The Abu Dhabi Falcon Hospital, the largest veterinary facility for falcons in the world, cares for wild falcons and captive ones alike. It has all the modern amenities any hospital would have: operating tables, check-up rooms, intensive care units and facilities for in-patients staying the night. The only difference is that everything is scaled down in size, with an aviary twist. The waiting rooms are filled with green, felt perches for the falcons instead of chairs and the sounds of indignant squawks fill the air.
Mohamed Nafeez, a senior veterinary technician who has worked at the hospital ever since it opened in 1999, said that the hospital treats more than 6,000 falcons each year. The falcons are brought for a variety of different reasons, from annual check-ups to more serious ailments.
“Normally, at the beginning of the season, we have a lot of check-ups,” Nafeez said, gesturing to the falcons huddled in the examination room behind him. The birds are dropped off in the morning and picked up in the afternoon, after undergoing a general medical examination.
Nafeez demonstrated one of the procedures. He laid a falcon on the medical table and, putting its head in an anesthetic-dispensing tube, put it to sleep. He then began to clip the falcon’s talons, joking about the pedicure services offered by the hospital, and trimmed its beak.
Other procedures are not as simple as this one, Nafeez explained. Often times, birds are brought in with illness or injuries that require weeks of healing and stay in the hospital’s rehabilitation centers.
“The season starts and people start training or hunting,” said Nafeez, “Then we are facing other problems; birds that are attacked by other birds or falcons, fractures, injuries … birds that are not flying or eating. These kind of problems [occur] during the hunting season.”
Falconry has been practiced in the UAE for centuries; hunting with trained falcons was a vital way to procure meat, such as desert hares, to supplement the Bedouin diet. Hunting is still widely practiced nowadays, as a sport, with the same level of prestige and respect allocated to it as in the past.
“In those days, they used [falcons] to supplement the daily diet,” Nafeez said. “Nowadays, it is completely different. They do it as a sport or hobby — falconry became part of the culture. It’s in our blood.”
Photo By Clare Hennig
Photo By Clare Hennig
Hunting can be recreational, such as expeditions with family and friends, or competitive at an international level. As a mark of the high value falcons have, for example, those who travel to other countries to compete are allowed to be brought as carry-on and un-caged by certain airlines, such as Etihad. With its airplane ticket and own passport — listing information such as its age, breed and tracking number — the falcon is one of the few animals, along with special service dogs that are allowed to be brought in the cabin.

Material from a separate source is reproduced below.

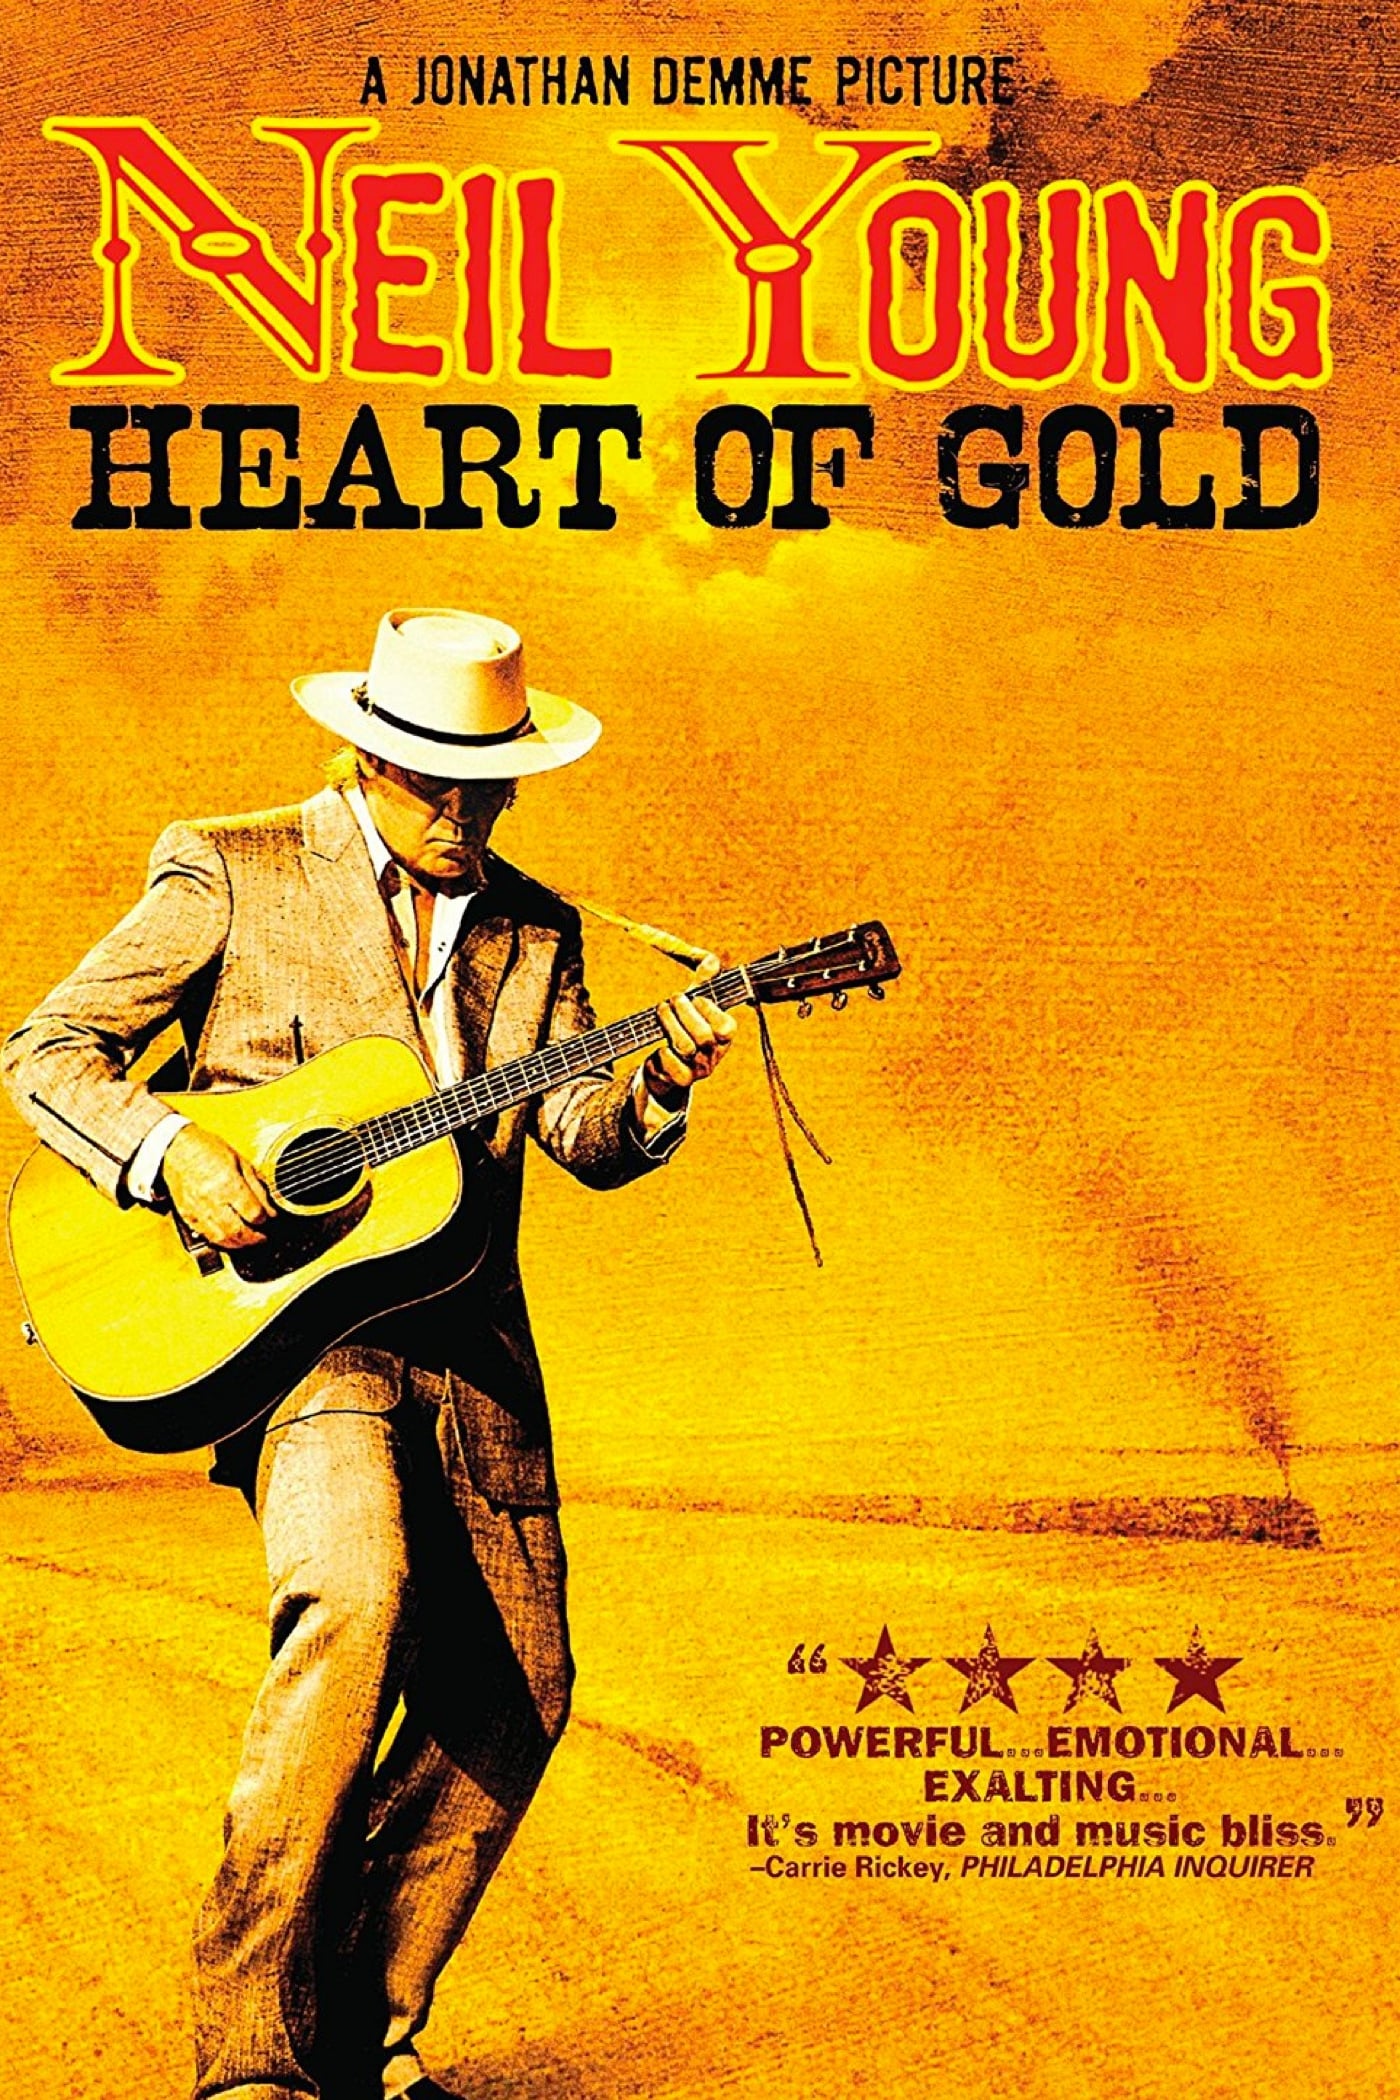 Neil Young: Heart of Gold wiki, synopsis, reviews - Movies Rankings!

Efforts are made to preserve this aspect of Emirati culture. Organizations, such as the Sheikh Zayed Falcon Release Project and the Environmental Research and Wildlife Development Agency, aim to keep falconry sustainable. The Abu Dhabi Falcon Hospital offers educational tours to school children and tourists twice a day to teach them the history and importance of falconry in the UAE.
Emirati senior Ahmed Al Masaood, who was gifted a falcon of his own by his family several years ago, has participated in several hunting trips. He agrees that falconry has remained an important part of the culture and something close to his own heart.
“Traditionally, it is deeply rooted in our culture,” said Al Masaood. “It’s more of a symbol than a pet; [falconry] is very much liked and hopefully [will be] preserved. We don’t want to lose this.”